• [ASSIGNMENT]
How do the lines below between the ones holding "18 kt. White" and "Slip-On Rubber Sole Slippers", inclusive, read? Give them again exactly, with no other lines.

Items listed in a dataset

☆ ☆ ☆ ☆ ☆

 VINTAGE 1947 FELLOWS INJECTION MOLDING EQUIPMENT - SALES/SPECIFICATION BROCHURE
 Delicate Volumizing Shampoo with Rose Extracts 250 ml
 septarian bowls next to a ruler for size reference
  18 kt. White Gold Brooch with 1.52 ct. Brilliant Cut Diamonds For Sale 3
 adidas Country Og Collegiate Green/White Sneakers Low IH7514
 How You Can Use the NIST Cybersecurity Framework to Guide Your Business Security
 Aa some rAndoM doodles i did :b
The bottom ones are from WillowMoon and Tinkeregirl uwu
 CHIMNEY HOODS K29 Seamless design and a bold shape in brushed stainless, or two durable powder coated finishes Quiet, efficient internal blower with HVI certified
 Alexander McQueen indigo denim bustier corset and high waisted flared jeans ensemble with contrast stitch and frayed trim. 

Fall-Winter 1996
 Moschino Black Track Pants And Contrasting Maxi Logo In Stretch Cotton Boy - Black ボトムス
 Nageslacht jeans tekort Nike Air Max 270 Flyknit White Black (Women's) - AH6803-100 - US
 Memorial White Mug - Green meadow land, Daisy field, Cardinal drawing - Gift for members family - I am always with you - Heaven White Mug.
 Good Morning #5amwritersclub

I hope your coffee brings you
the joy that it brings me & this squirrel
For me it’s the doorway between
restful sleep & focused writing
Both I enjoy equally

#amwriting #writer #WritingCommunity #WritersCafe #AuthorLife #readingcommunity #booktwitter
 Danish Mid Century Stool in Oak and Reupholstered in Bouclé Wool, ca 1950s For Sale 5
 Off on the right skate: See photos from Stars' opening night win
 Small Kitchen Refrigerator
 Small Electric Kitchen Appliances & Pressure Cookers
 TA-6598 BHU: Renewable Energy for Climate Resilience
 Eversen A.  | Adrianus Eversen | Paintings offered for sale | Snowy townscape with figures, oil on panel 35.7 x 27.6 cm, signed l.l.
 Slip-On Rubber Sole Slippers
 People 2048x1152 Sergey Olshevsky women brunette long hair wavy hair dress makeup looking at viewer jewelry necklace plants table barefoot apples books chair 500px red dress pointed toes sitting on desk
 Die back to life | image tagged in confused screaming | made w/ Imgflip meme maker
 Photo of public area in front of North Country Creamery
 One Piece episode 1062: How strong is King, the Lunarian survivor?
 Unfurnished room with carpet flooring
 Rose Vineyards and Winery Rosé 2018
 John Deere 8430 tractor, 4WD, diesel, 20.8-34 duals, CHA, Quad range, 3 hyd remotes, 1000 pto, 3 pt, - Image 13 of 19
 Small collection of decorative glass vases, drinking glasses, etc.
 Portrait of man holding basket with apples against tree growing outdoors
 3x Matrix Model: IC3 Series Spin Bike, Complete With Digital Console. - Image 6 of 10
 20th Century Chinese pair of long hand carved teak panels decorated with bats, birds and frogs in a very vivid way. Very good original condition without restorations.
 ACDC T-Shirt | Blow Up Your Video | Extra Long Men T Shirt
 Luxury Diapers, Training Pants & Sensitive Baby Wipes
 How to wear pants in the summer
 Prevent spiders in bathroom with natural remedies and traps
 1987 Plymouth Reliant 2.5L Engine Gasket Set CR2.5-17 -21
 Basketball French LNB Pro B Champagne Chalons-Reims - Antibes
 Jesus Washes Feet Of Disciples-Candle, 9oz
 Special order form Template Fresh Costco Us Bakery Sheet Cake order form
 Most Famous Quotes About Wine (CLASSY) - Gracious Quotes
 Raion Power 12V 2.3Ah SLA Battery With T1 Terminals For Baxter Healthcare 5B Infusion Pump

☆ ☆ ☆ ☆ ☆

• [EXERCISE ANSWER]
  18 kt. White Gold Brooch with 1.52 ct. Brilliant Cut Diamonds For Sale 3
 adidas Country Og Collegiate Green/White Sneakers Low IH7514
 How You Can Use the NIST Cybersecurity Framework to Guide Your Business Security
 Aa some rAndoM doodles i did :b
The bottom ones are from WillowMoon and Tinkeregirl uwu
 CHIMNEY HOODS K29 Seamless design and a bold shape in brushed stainless, or two durable powder coated finishes Quiet, efficient internal blower with HVI certified
 Alexander McQueen indigo denim bustier corset and high waisted flared jeans ensemble with contrast stitch and frayed trim. 

Fall-Winter 1996
 Moschino Black Track Pants And Contrasting Maxi Logo In Stretch Cotton Boy - Black ボトムス
 Nageslacht jeans tekort Nike Air Max 270 Flyknit White Black (Women's) - AH6803-100 - US
 Memorial White Mug - Green meadow land, Daisy field, Cardinal drawing - Gift for members family - I am always with you - Heaven White Mug.
 Good Morning #5amwritersclub

I hope your coffee brings you
the joy that it brings me & this squirrel
For me it’s the doorway between
restful sleep & focused writing
Both I enjoy equally

#amwriting #writer #WritingCommunity #WritersCafe #AuthorLife #readingcommunity #booktwitter
 Danish Mid Century Stool in Oak and Reupholstered in Bouclé Wool, ca 1950s For Sale 5
 Off on the right skate: See photos from Stars' opening night win
 Small Kitchen Refrigerator
 Small Electric Kitchen Appliances & Pressure Cookers
 TA-6598 BHU: Renewable Energy for Climate Resilience
 Eversen A.  | Adrianus Eversen | Paintings offered for sale | Snowy townscape with figures, oil on panel 35.7 x 27.6 cm, signed l.l.
 Slip-On Rubber Sole Slippers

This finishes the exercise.